[RAW DATA — start]

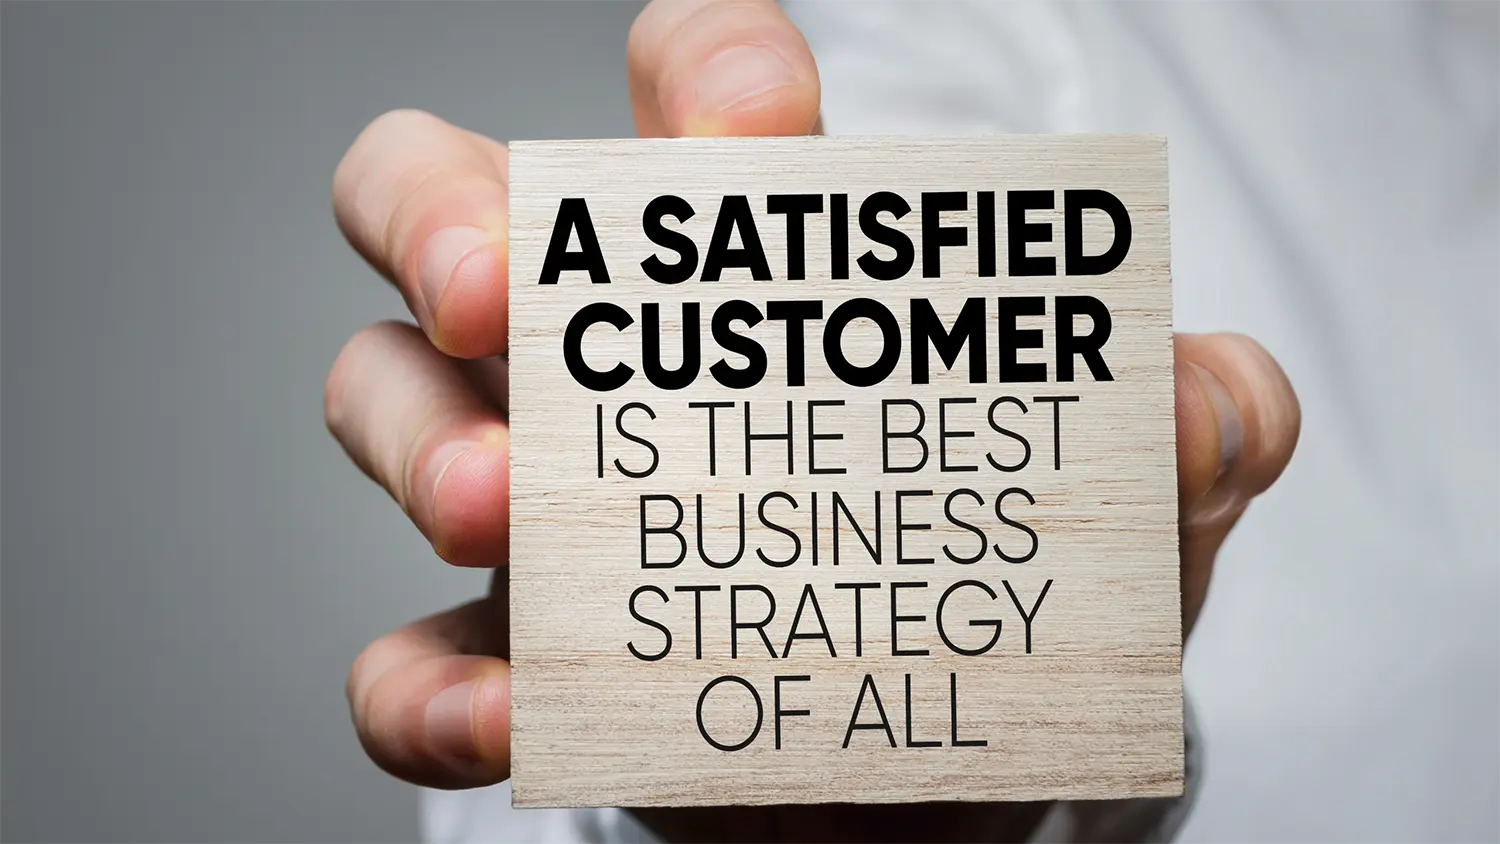 Image of a Hand Holding a Block with the Phrase &quot;A Satisfied Customer is the Best Business Strategy of All&quot;
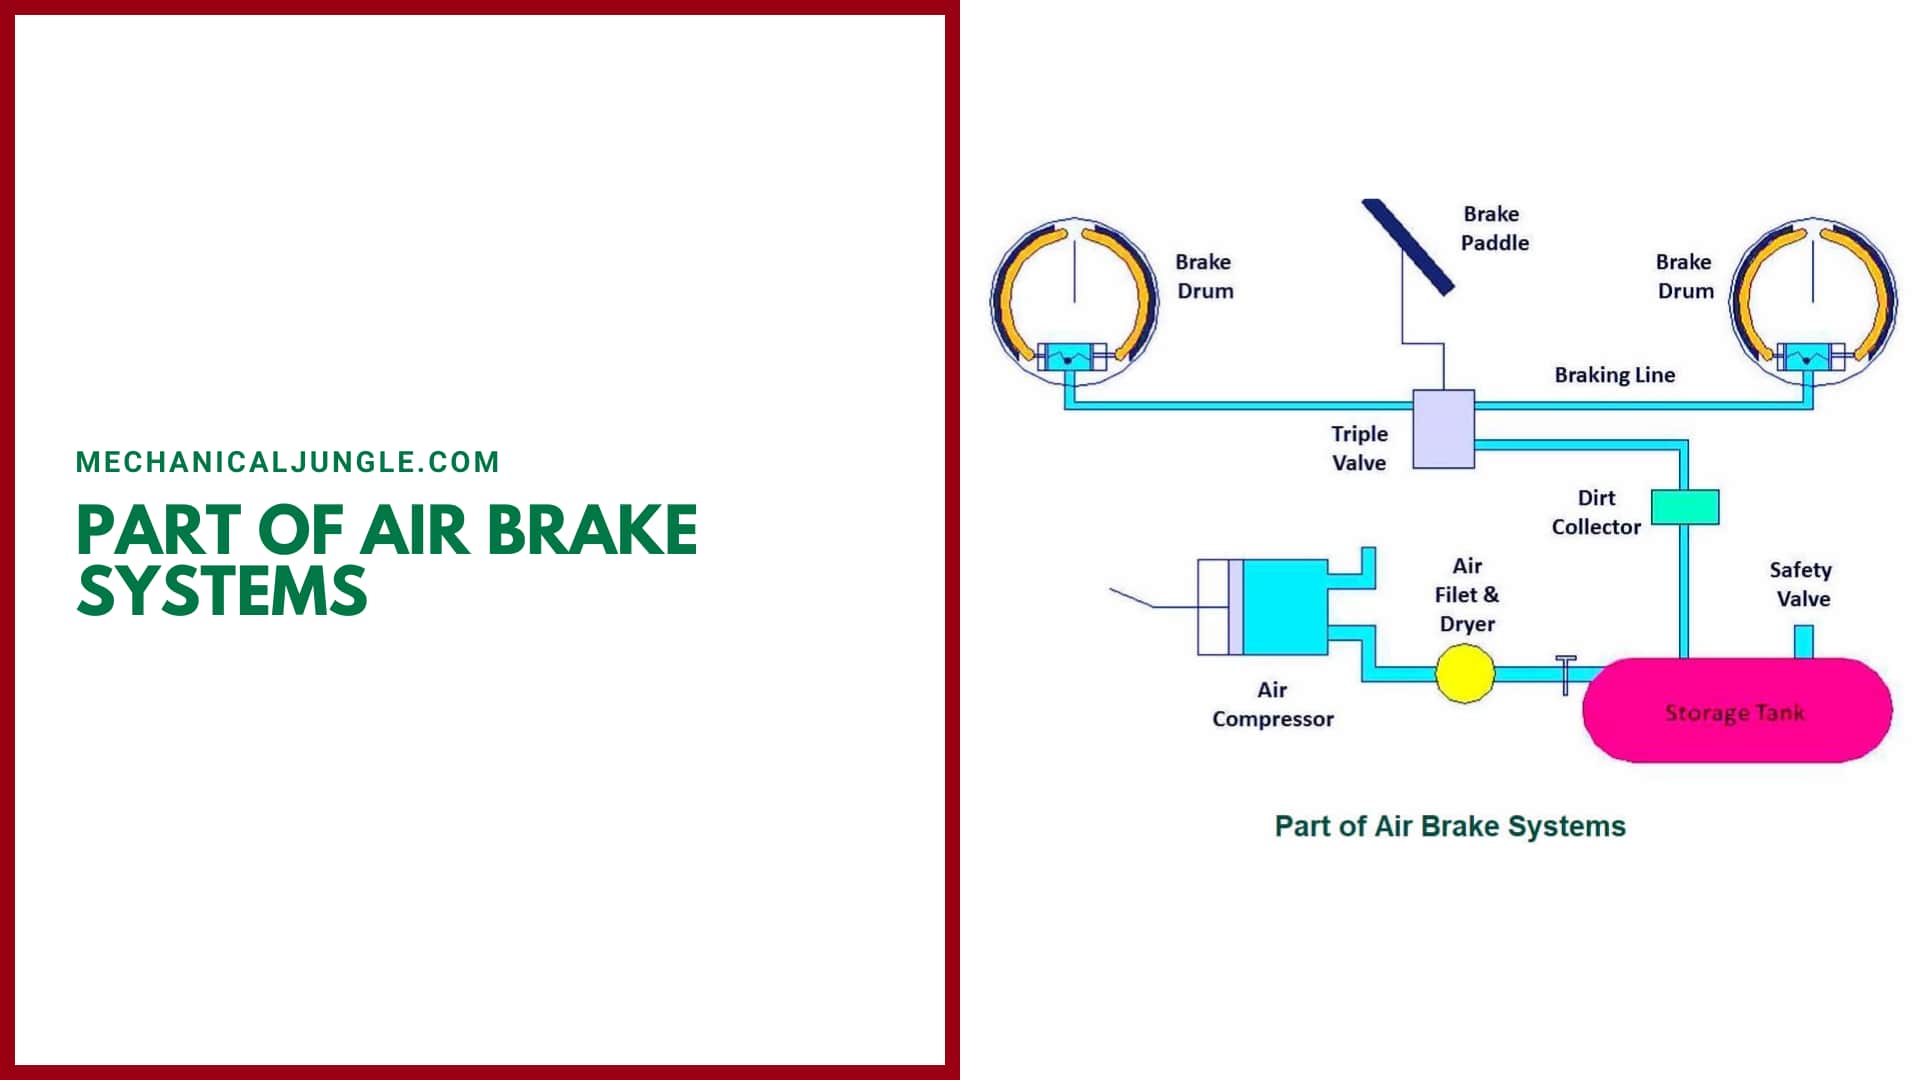 Part of Air Brake Systems
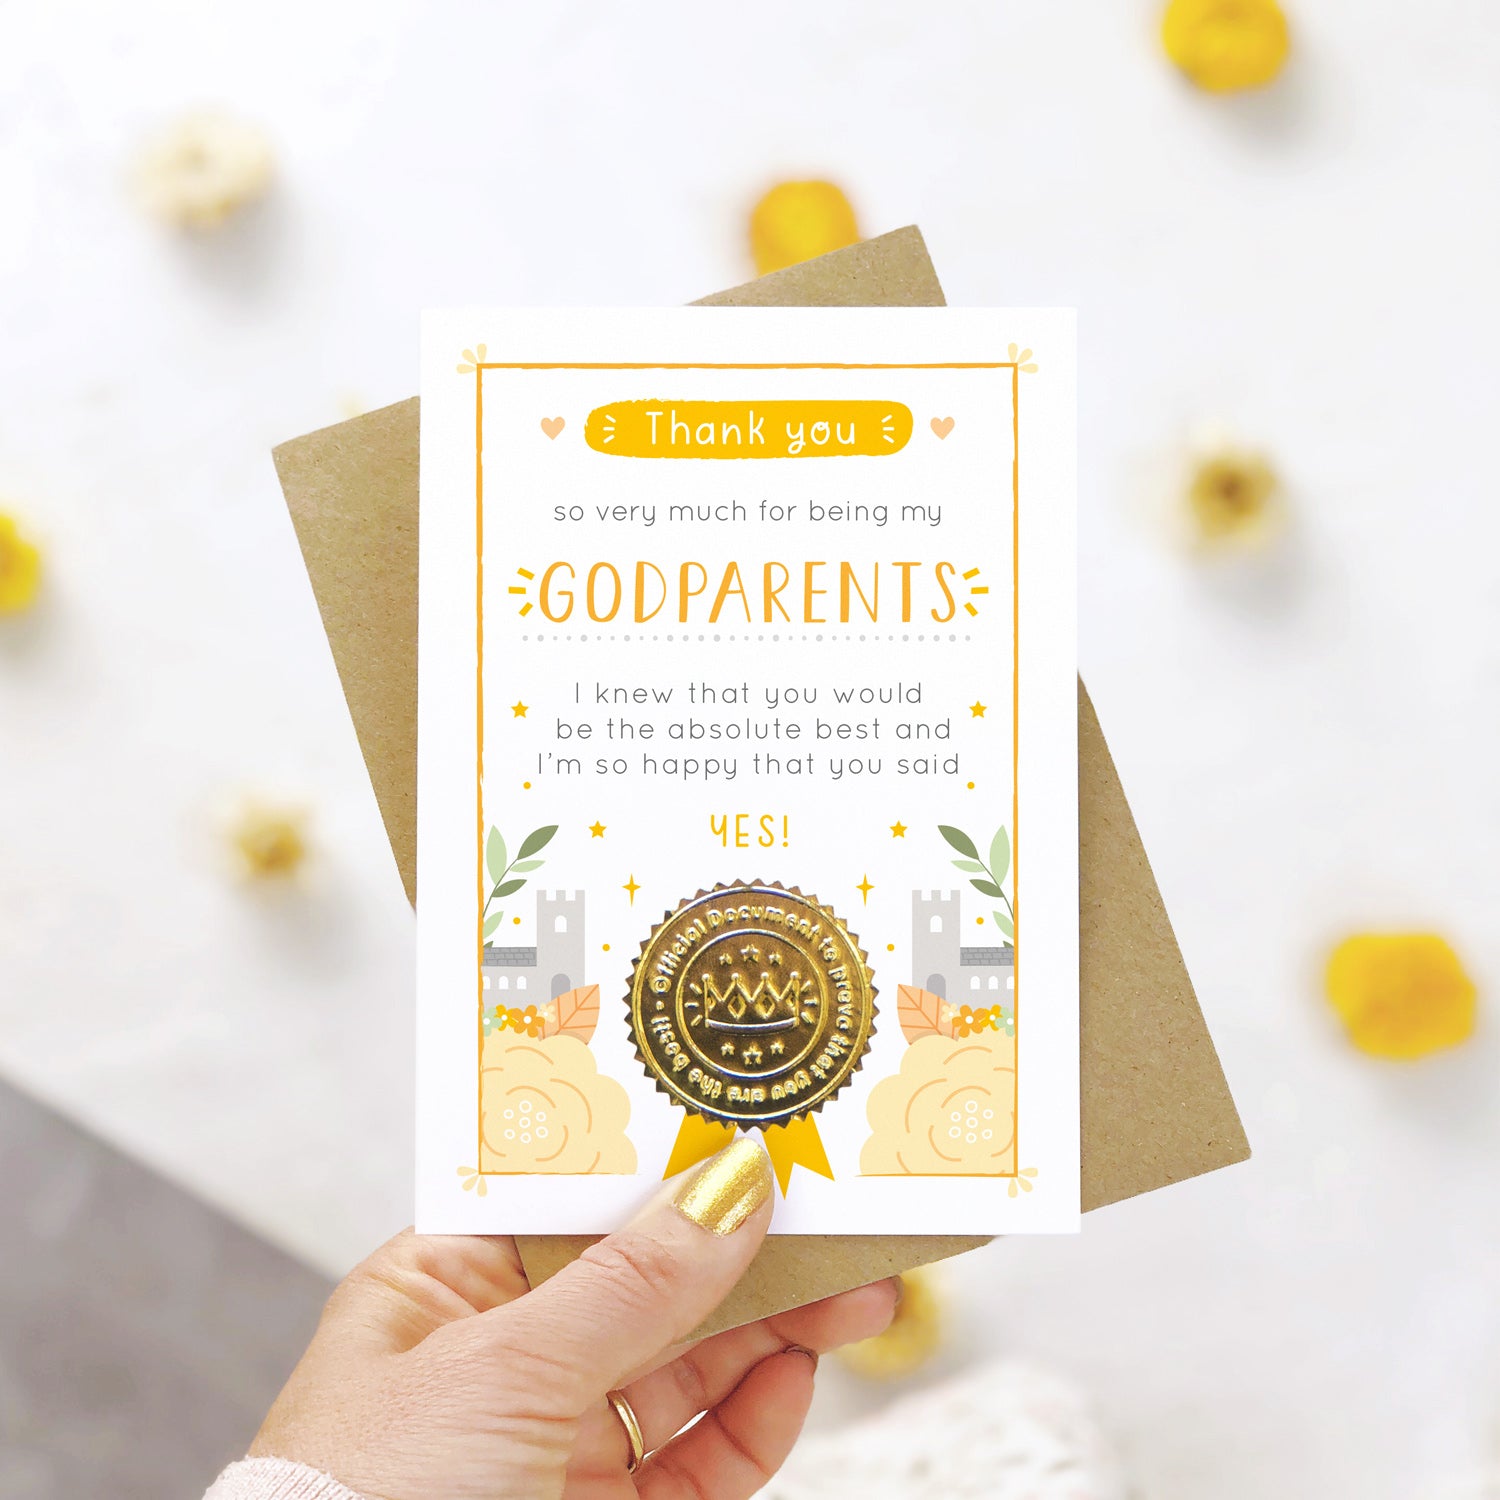 A ‘thank you for being my godparents’ certificate card with a shiny gold seal in the orange colour palette being held over a white background with yellow and natural flowers.

[RAW DATA — finish]

**WORK INSTRUCTION**
If pictures appear, drop them, and retype exactly the lines from the "Part of Air Brake Systems" line through the last line of the data above.

**WRITTEN RESPONSE**
 Part of Air Brake Systems
 A ‘thank you for being my godparents’ certificate card with a shiny gold seal in the orange colour palette being held over a white background with yellow and natural flowers.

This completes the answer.